The Metropolitan Police charged Paul Douglas Manning, 57, with criminal damage, and he will appear at Westminster Magistrates' Court, in London.
Manning, of Kirkstone Road, Sheffield, was arrested at the gallery yesterday, after somebody glued a four-inch photograph of a young boy to The Hay Wain. The word “help” was written on the photograph.
He lost a child in a custody battle two weeks ago.
According to a gallery spokeswoman, no lasting damage was done to the 1821 painting.
The spokeswoman said: "Conservation staff were on the scene very rapidly and the painting was removed for treatment.
"No damage to Constable's original paint occurred and there is no lasting damage to the painting."
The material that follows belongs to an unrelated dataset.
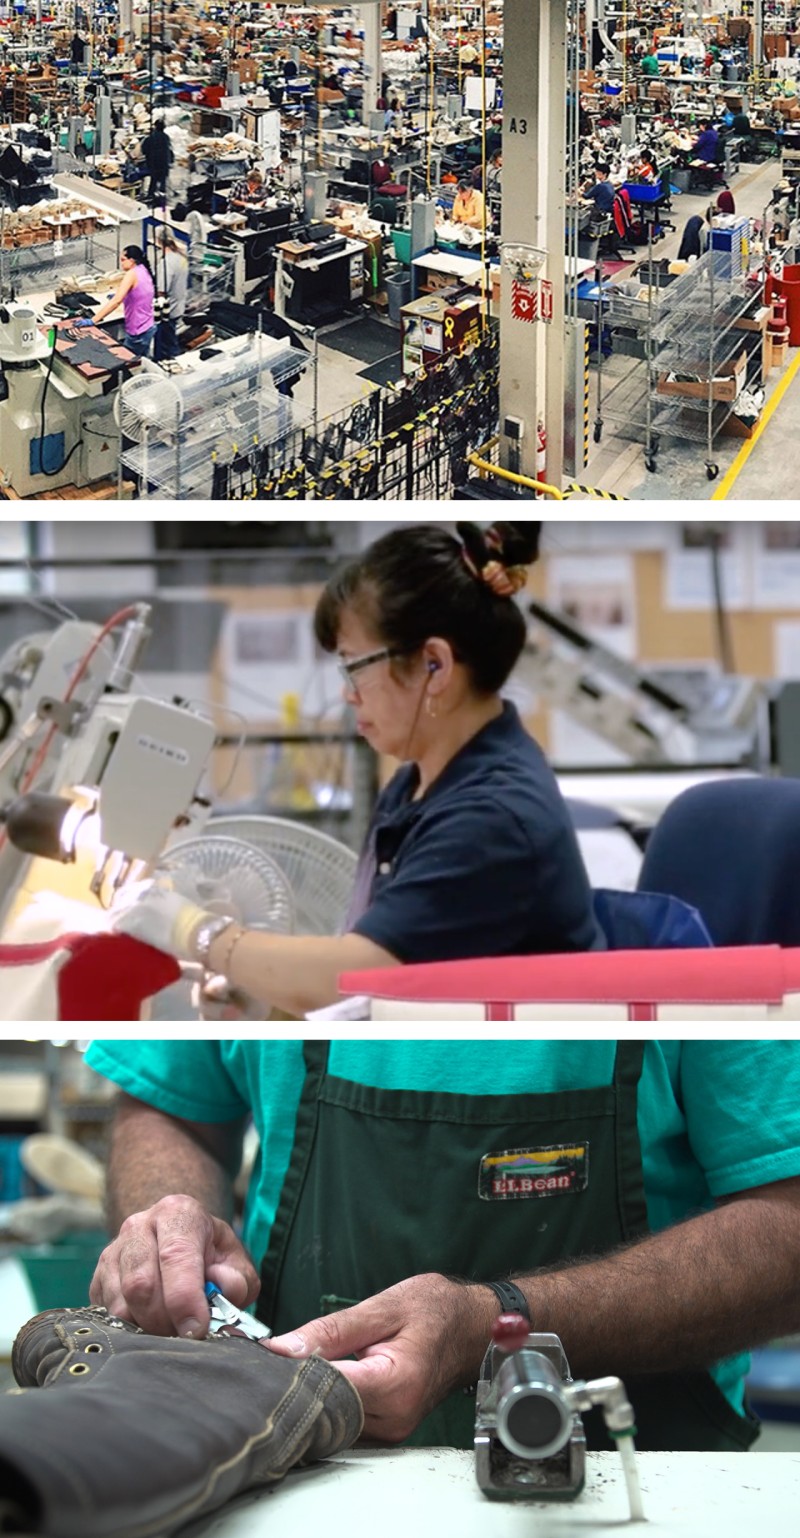 Collage of images of workers in factories.

The incident happened as Fathers4Justice said it was abandoning its five-year "attempted engagement with the political establishment" and called on fathers to take "independent weekly direct action" in the spirit of the Suffragettes 100 years ago.
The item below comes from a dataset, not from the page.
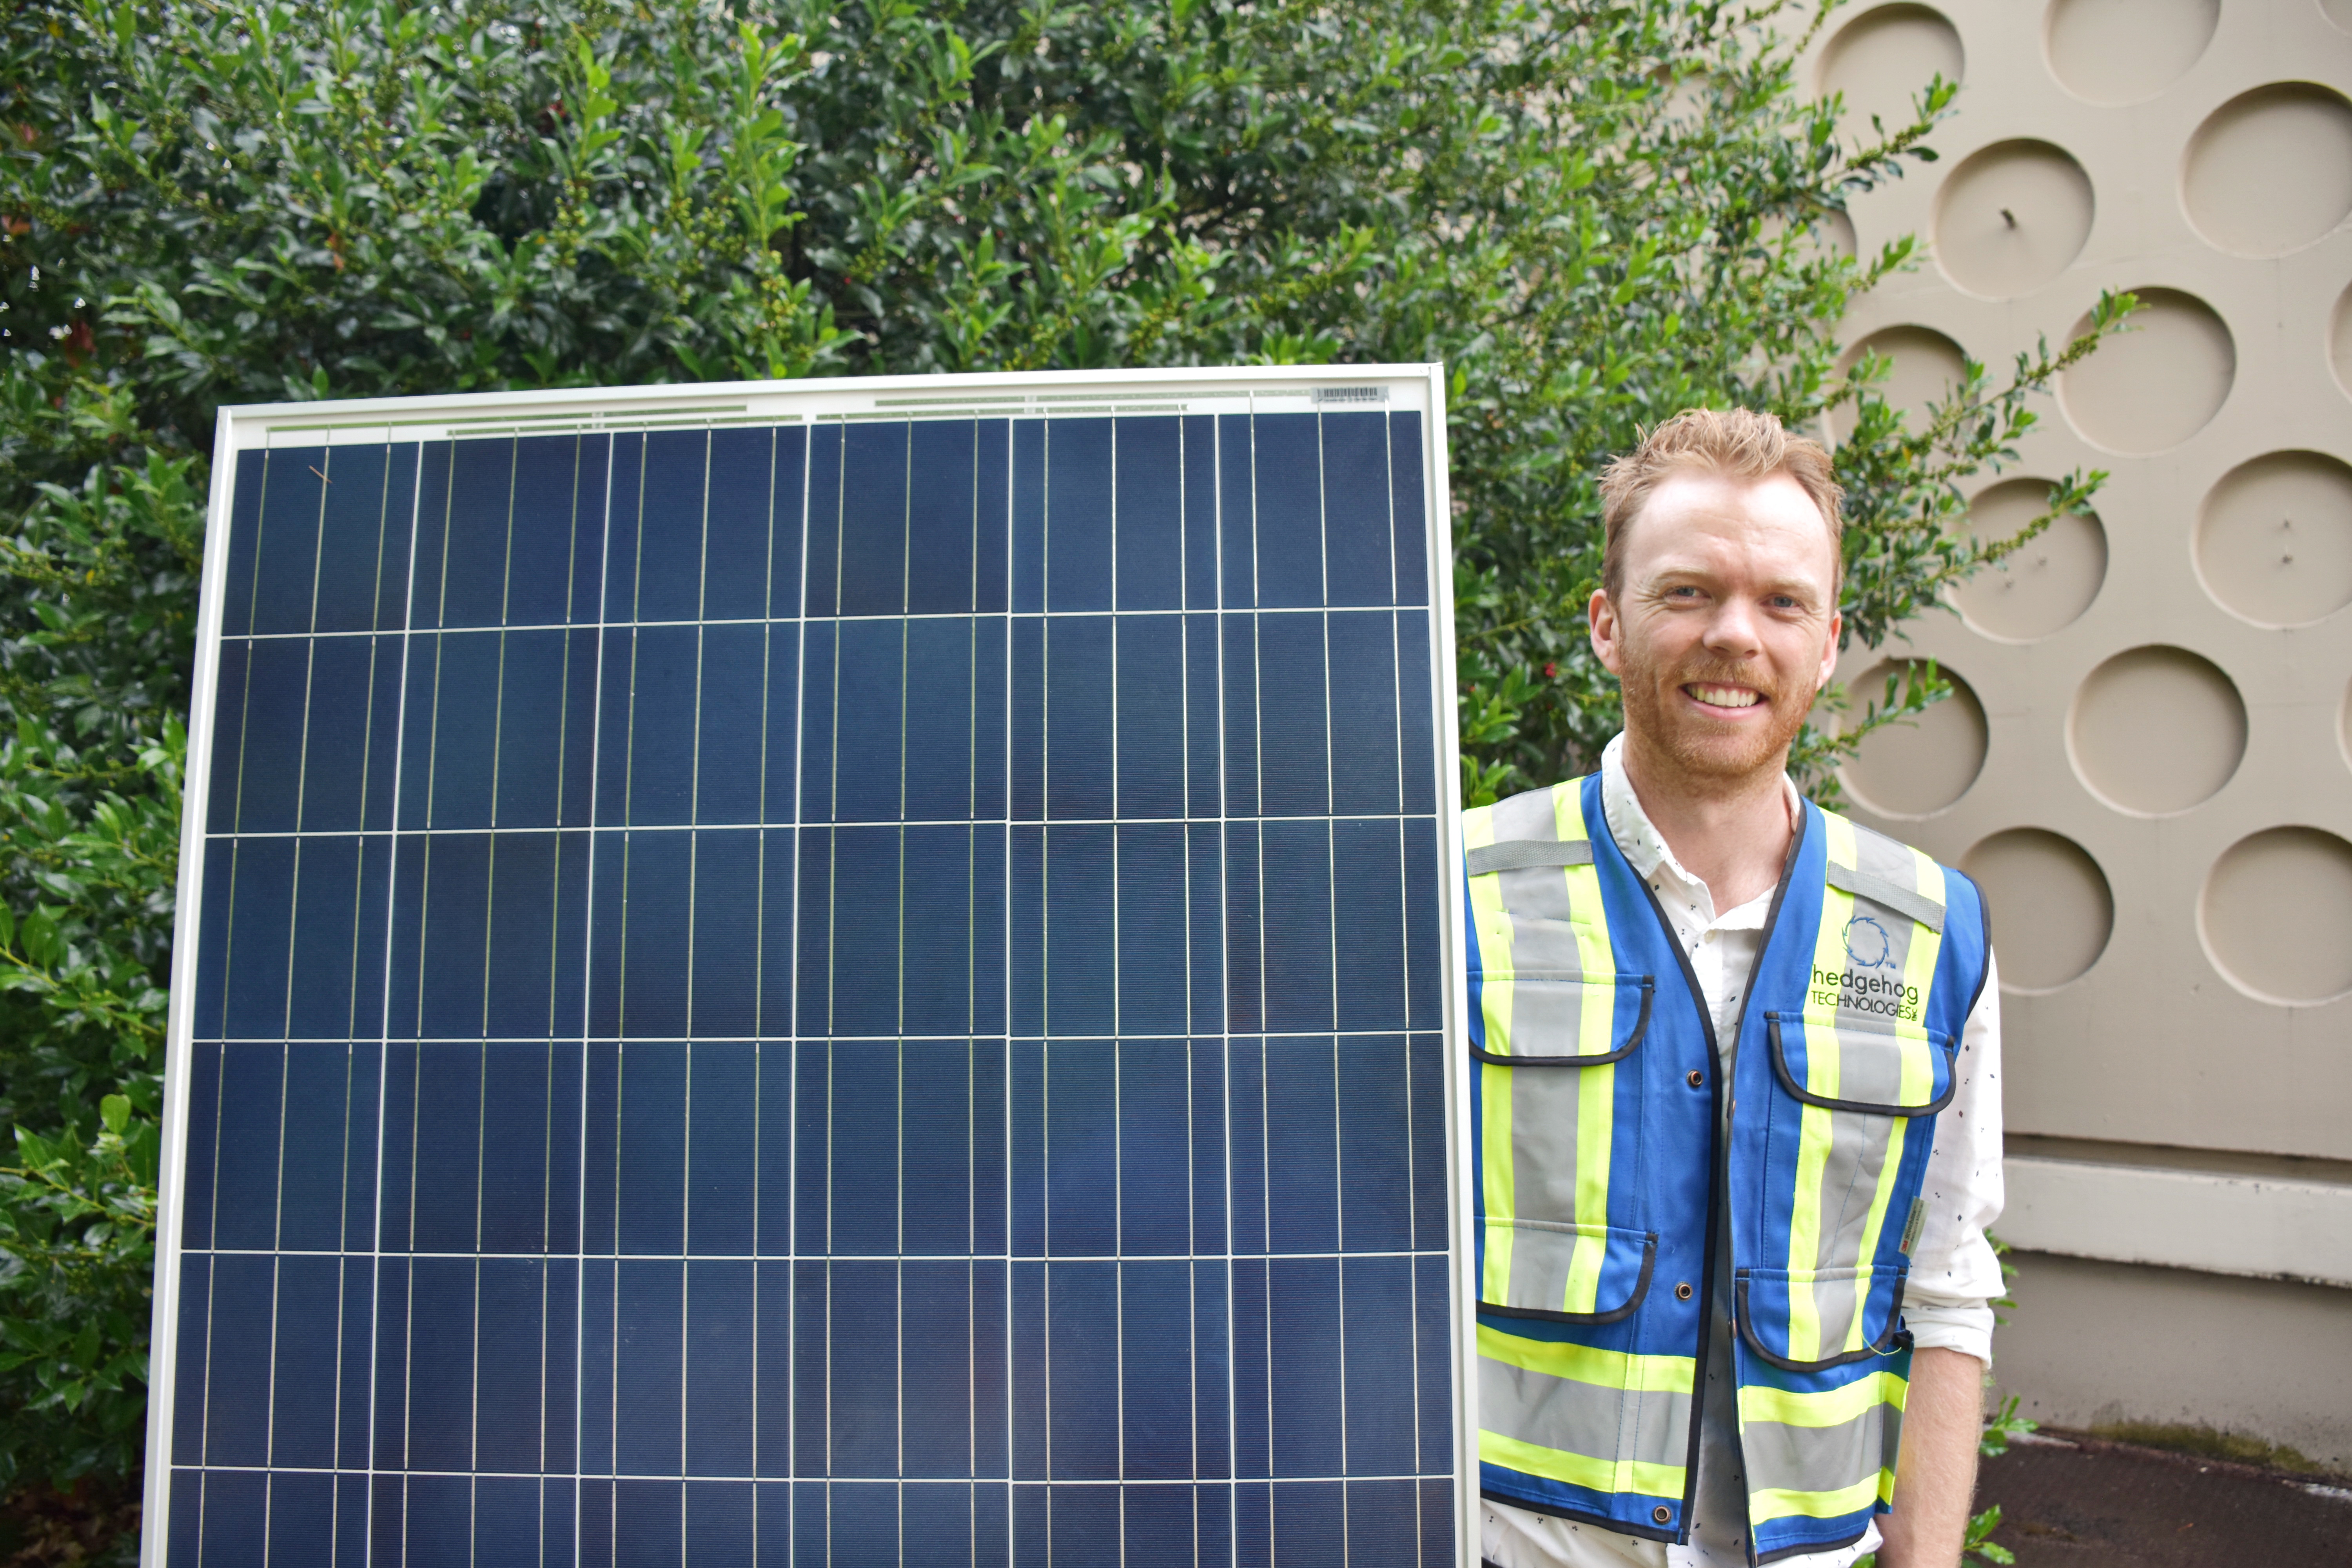 A co-op engineer holding a solar panel

Constable's oil painting shows an idyllic rural scene with a cart - the eponymous hay wain - in the river Stour in Suffolk.
The attack is the second on a work of art in a fortnight, coming after a painting of the Queen by Ralph Heimans was vandalised with spray paint in Westminster Abbey in what was believed to be a Fathers4Justice protest. Tim Haries, 41, went before Southwark Crown Court in London with criminal damage to canvas.
Fathers4Justice has previously been associated with high profile protests by fathers, often wearing superhero outfits, designed to cause public disruption.
The statement said the group was "abandoning its five-year long attempted engagement with the political establishment” and called on fathers “to take independent weekly direct action” in the same spirit that the Suffragettes campaigned for votes for women. It claimed 1,000 families are “destroyed in the secret family courts” each week.
It announced it will refuse “to deal with the government, police, courts, judiciary and any other organisations involved in family law”. It also cut ties with the national media, blaming “deliberately inaccurate and misleading reporting”.
A spokeswoman added: “We can no longer stem the tide of desperation and anger of fathers who have had their families destroyed and their hopes betrayed by a government that promised equal parenting but only delivered desperation."